## Requirement
Return each entry unchanged.

[Collected data]
----------------------------------------

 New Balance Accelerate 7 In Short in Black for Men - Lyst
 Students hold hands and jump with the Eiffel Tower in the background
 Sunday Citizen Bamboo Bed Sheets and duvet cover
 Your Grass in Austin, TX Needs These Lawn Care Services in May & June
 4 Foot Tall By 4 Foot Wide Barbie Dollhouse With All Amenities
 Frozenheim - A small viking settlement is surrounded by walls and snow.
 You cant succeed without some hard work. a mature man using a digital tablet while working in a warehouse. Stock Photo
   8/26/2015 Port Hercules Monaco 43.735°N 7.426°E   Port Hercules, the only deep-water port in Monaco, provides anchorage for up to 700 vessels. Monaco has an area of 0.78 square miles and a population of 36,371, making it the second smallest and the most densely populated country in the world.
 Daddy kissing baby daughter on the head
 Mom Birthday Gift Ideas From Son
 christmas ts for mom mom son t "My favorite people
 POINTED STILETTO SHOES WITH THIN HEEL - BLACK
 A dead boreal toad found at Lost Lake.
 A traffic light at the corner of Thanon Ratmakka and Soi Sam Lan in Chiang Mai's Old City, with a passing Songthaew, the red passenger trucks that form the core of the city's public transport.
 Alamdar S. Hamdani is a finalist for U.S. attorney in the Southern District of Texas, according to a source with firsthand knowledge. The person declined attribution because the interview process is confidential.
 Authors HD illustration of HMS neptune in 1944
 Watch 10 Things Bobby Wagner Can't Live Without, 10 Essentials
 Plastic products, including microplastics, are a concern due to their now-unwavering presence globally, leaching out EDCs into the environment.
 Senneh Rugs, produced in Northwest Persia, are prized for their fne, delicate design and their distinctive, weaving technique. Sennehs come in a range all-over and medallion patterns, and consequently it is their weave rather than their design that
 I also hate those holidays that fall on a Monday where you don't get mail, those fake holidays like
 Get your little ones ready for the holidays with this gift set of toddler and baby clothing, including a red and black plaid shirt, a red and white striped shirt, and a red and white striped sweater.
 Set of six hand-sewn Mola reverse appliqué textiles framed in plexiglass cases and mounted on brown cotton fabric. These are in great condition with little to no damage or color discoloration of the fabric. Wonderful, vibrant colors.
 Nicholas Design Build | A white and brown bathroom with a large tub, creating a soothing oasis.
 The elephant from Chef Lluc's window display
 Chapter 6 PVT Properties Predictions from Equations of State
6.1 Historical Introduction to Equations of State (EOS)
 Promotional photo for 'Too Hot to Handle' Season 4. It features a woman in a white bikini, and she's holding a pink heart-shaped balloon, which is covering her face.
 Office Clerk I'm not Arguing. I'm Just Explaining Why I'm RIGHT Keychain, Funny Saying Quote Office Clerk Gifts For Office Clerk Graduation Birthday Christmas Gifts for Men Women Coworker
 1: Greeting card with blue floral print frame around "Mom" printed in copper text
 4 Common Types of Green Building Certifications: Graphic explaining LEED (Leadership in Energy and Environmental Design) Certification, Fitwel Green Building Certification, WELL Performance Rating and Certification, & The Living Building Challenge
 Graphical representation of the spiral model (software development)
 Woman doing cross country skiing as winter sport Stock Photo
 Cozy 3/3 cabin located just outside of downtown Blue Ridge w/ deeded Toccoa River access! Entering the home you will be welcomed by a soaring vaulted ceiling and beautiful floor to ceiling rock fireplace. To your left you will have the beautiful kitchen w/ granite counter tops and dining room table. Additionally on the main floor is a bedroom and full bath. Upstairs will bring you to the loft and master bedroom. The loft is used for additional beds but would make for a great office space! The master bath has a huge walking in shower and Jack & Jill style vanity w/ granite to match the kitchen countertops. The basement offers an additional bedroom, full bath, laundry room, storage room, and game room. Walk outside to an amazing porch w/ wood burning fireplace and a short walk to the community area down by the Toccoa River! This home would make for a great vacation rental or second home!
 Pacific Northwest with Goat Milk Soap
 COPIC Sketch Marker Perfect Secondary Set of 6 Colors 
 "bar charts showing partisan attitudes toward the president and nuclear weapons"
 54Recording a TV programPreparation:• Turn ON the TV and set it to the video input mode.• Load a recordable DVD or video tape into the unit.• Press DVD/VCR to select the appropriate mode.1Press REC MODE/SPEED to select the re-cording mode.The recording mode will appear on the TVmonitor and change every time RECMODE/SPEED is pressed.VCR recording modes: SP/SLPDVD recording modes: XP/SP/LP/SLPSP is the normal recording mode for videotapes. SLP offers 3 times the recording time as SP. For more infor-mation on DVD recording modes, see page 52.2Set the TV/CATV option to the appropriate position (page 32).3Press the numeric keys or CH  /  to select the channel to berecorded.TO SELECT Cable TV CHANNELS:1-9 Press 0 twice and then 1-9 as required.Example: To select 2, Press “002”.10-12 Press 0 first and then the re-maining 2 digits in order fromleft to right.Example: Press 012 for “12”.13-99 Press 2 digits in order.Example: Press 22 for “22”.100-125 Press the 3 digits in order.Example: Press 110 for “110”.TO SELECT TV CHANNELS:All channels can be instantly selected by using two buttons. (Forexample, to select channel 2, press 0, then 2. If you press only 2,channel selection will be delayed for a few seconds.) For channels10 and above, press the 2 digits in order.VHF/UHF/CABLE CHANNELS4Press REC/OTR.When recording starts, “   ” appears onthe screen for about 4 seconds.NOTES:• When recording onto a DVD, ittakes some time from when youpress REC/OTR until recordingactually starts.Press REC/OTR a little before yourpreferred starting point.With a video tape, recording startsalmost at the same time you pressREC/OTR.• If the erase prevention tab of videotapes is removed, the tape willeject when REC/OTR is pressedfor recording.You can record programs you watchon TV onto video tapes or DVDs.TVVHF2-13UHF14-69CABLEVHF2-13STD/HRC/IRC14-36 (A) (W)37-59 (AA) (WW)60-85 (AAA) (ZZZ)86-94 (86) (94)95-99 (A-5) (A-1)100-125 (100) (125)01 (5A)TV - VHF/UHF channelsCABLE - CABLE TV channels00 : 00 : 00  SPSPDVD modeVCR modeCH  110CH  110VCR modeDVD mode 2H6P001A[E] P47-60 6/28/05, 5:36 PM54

----------------------------------------

## Exercise solution
 New Balance Accelerate 7 In Short in Black for Men - Lyst
 Students hold hands and jump with the Eiffel Tower in the background
 Sunday Citizen Bamboo Bed Sheets and duvet cover
 Your Grass in Austin, TX Needs These Lawn Care Services in May & June
 4 Foot Tall By 4 Foot Wide Barbie Dollhouse With All Amenities
 Frozenheim - A small viking settlement is surrounded by walls and snow.
 You cant succeed without some hard work. a mature man using a digital tablet while working in a warehouse. Stock Photo
   8/26/2015 Port Hercules Monaco 43.735°N 7.426°E   Port Hercules, the only deep-water port in Monaco, provides anchorage for up to 700 vessels. Monaco has an area of 0.78 square miles and a population of 36,371, making it the second smallest and the most densely populated country in the world.
 Daddy kissing baby daughter on the head
 Mom Birthday Gift Ideas From Son
 christmas ts for mom mom son t "My favorite people
 POINTED STILETTO SHOES WITH THIN HEEL - BLACK
 A dead boreal toad found at Lost Lake.
 A traffic light at the corner of Thanon Ratmakka and Soi Sam Lan in Chiang Mai's Old City, with a passing Songthaew, the red passenger trucks that form the core of the city's public transport.
 Alamdar S. Hamdani is a finalist for U.S. attorney in the Southern District of Texas, according to a source with firsthand knowledge. The person declined attribution because the interview process is confidential.
 Authors HD illustration of HMS neptune in 1944
 Watch 10 Things Bobby Wagner Can't Live Without, 10 Essentials
 Plastic products, including microplastics, are a concern due to their now-unwavering presence globally, leaching out EDCs into the environment.
 Senneh Rugs, produced in Northwest Persia, are prized for their fne, delicate design and their distinctive, weaving technique. Sennehs come in a range all-over and medallion patterns, and consequently it is their weave rather than their design that
 I also hate those holidays that fall on a Monday where you don't get mail, those fake holidays like
 Get your little ones ready for the holidays with this gift set of toddler and baby clothing, including a red and black plaid shirt, a red and white striped shirt, and a red and white striped sweater.
 Set of six hand-sewn Mola reverse appliqué textiles framed in plexiglass cases and mounted on brown cotton fabric. These are in great condition with little to no damage or color discoloration of the fabric. Wonderful, vibrant colors.
 Nicholas Design Build | A white and brown bathroom with a large tub, creating a soothing oasis.
 The elephant from Chef Lluc's window display
 Chapter 6 PVT Properties Predictions from Equations of State
6.1 Historical Introduction to Equations of State (EOS)
 Promotional photo for 'Too Hot to Handle' Season 4. It features a woman in a white bikini, and she's holding a pink heart-shaped balloon, which is covering her face.
 Office Clerk I'm not Arguing. I'm Just Explaining Why I'm RIGHT Keychain, Funny Saying Quote Office Clerk Gifts For Office Clerk Graduation Birthday Christmas Gifts for Men Women Coworker
 1: Greeting card with blue floral print frame around "Mom" printed in copper text
 4 Common Types of Green Building Certifications: Graphic explaining LEED (Leadership in Energy and Environmental Design) Certification, Fitwel Green Building Certification, WELL Performance Rating and Certification, & The Living Building Challenge
 Graphical representation of the spiral model (software development)
 Woman doing cross country skiing as winter sport Stock Photo
 Cozy 3/3 cabin located just outside of downtown Blue Ridge w/ deeded Toccoa River access! Entering the home you will be welcomed by a soaring vaulted ceiling and beautiful floor to ceiling rock fireplace. To your left you will have the beautiful kitchen w/ granite counter tops and dining room table. Additionally on the main floor is a bedroom and full bath. Upstairs will bring you to the loft and master bedroom. The loft is used for additional beds but would make for a great office space! The master bath has a huge walking in shower and Jack & Jill style vanity w/ granite to match the kitchen countertops. The basement offers an additional bedroom, full bath, laundry room, storage room, and game room. Walk outside to an amazing porch w/ wood burning fireplace and a short walk to the community area down by the Toccoa River! This home would make for a great vacation rental or second home!
 Pacific Northwest with Goat Milk Soap
 COPIC Sketch Marker Perfect Secondary Set of 6 Colors 
 "bar charts showing partisan attitudes toward the president and nuclear weapons"
 54Recording a TV programPreparation:• Turn ON the TV and set it to the video input mode.• Load a recordable DVD or video tape into the unit.• Press DVD/VCR to select the appropriate mode.1Press REC MODE/SPEED to select the re-cording mode.The recording mode will appear on the TVmonitor and change every time RECMODE/SPEED is pressed.VCR recording modes: SP/SLPDVD recording modes: XP/SP/LP/SLPSP is the normal recording mode for videotapes. SLP offers 3 times the recording time as SP. For more infor-mation on DVD recording modes, see page 52.2Set the TV/CATV option to the appropriate position (page 32).3Press the numeric keys or CH  /  to select the channel to berecorded.TO SELECT Cable TV CHANNELS:1-9 Press 0 twice and then 1-9 as required.Example: To select 2, Press “002”.10-12 Press 0 first and then the re-maining 2 digits in order fromleft to right.Example: Press 012 for “12”.13-99 Press 2 digits in order.Example: Press 22 for “22”.100-125 Press the 3 digits in order.Example: Press 110 for “110”.TO SELECT TV CHANNELS:All channels can be instantly selected by using two buttons. (Forexample, to select channel 2, press 0, then 2. If you press only 2,channel selection will be delayed for a few seconds.) For channels10 and above, press the 2 digits in order.VHF/UHF/CABLE CHANNELS4Press REC/OTR.When recording starts, “   ” appears onthe screen for about 4 seconds.NOTES:• When recording onto a DVD, ittakes some time from when youpress REC/OTR until recordingactually starts.Press REC/OTR a little before yourpreferred starting point.With a video tape, recording startsalmost at the same time you pressREC/OTR.• If the erase prevention tab of videotapes is removed, the tape willeject when REC/OTR is pressedfor recording.You can record programs you watchon TV onto video tapes or DVDs.TVVHF2-13UHF14-69CABLEVHF2-13STD/HRC/IRC14-36 (A) (W)37-59 (AA) (WW)60-85 (AAA) (ZZZ)86-94 (86) (94)95-99 (A-5) (A-1)100-125 (100) (125)01 (5A)TV - VHF/UHF channelsCABLE - CABLE TV channels00 : 00 : 00  SPSPDVD modeVCR modeCH  110CH  110VCR modeDVD mode 2H6P001A[E] P47-60 6/28/05, 5:36 PM54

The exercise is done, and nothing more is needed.